For example, if you run the following program on a large file:
import qualified Data.ByteString.Lazy as BL
main = do
bigFile <- BL.readFile "ubuntu-14.04-desktop-amd64.iso"
print $ BL.length $ BL.filter (==0) bigFile -- takes a while
print $ BL.length $ BL.filter (==255) bigFile -- runs fast
the first computation will actually read the entire file into memory and it will be kept there for the second computation.
I guess this by itself isn't too convincing, since the operating system will also cache the file into memory, and it ends up being hard to tell the difference in timing between Haskell reading the file from the operating system cache for each computation and keeping it in memory across all computations. But, if you ran some heap profiling on this code, you'd discover that the first operation loads up the entire file into "pinned" bytestrings and that allocation stays constant through subsequent operations.

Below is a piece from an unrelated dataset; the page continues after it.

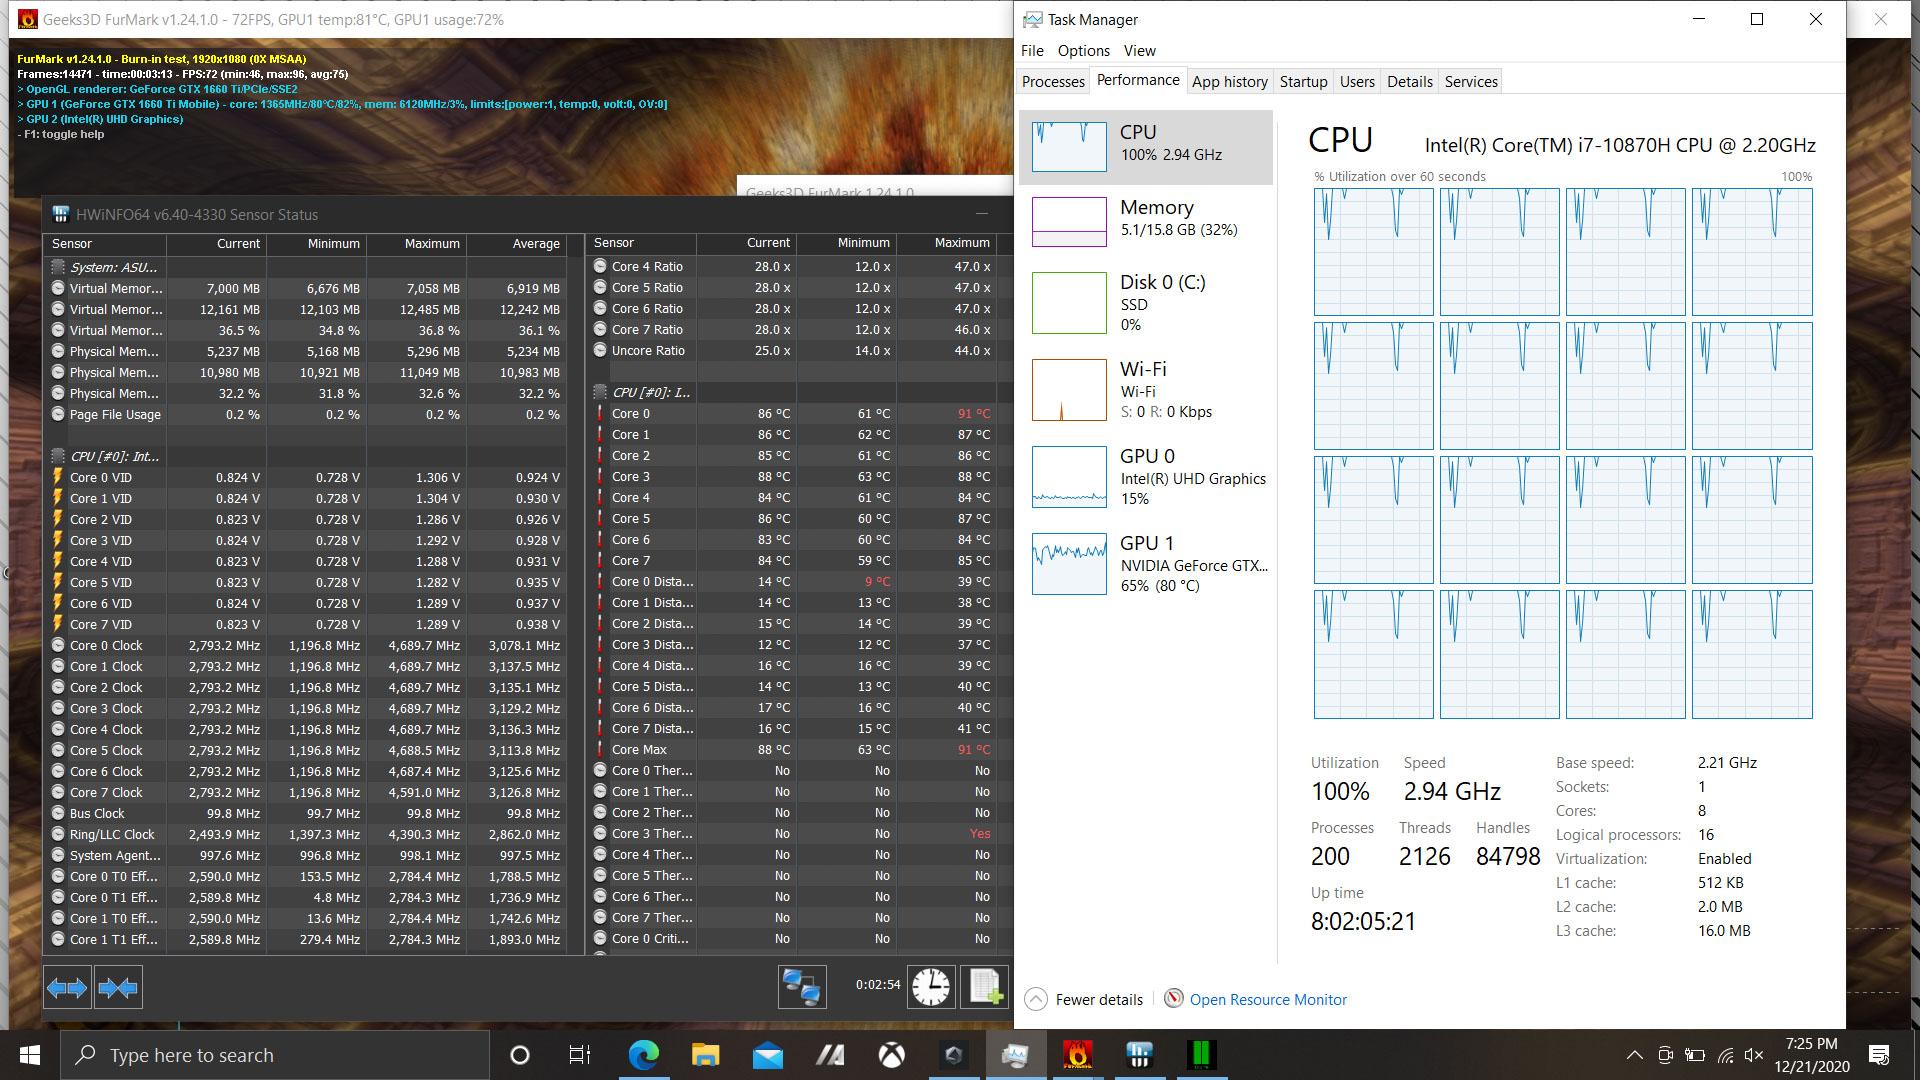 screenshot-6-jpg.12283

If your concern is that you want the complete file to be read at the start, even if the first operation doesn't need to read it all, so that there are no subsequent delays as additional parts of the file are read, then your seq-based solution is probably fine. Alternatively, you can read the entire file as a strict bytestring and then convert it using fromStrict -- this operation is instantaneous and doesn't copy any data. (In contrast to toStrict, which is expensive and does copy data.) So this will work:
import qualified Data.ByteString as BS
import qualified Data.ByteString.Lazy as BL
main = do
-- read strict
bigFile <- BS.readFile "whatever.mov"
-- do strict and lazy operations
print $ strictOp bigFile
print $ lazyOp (BL.fromStrict bigFile)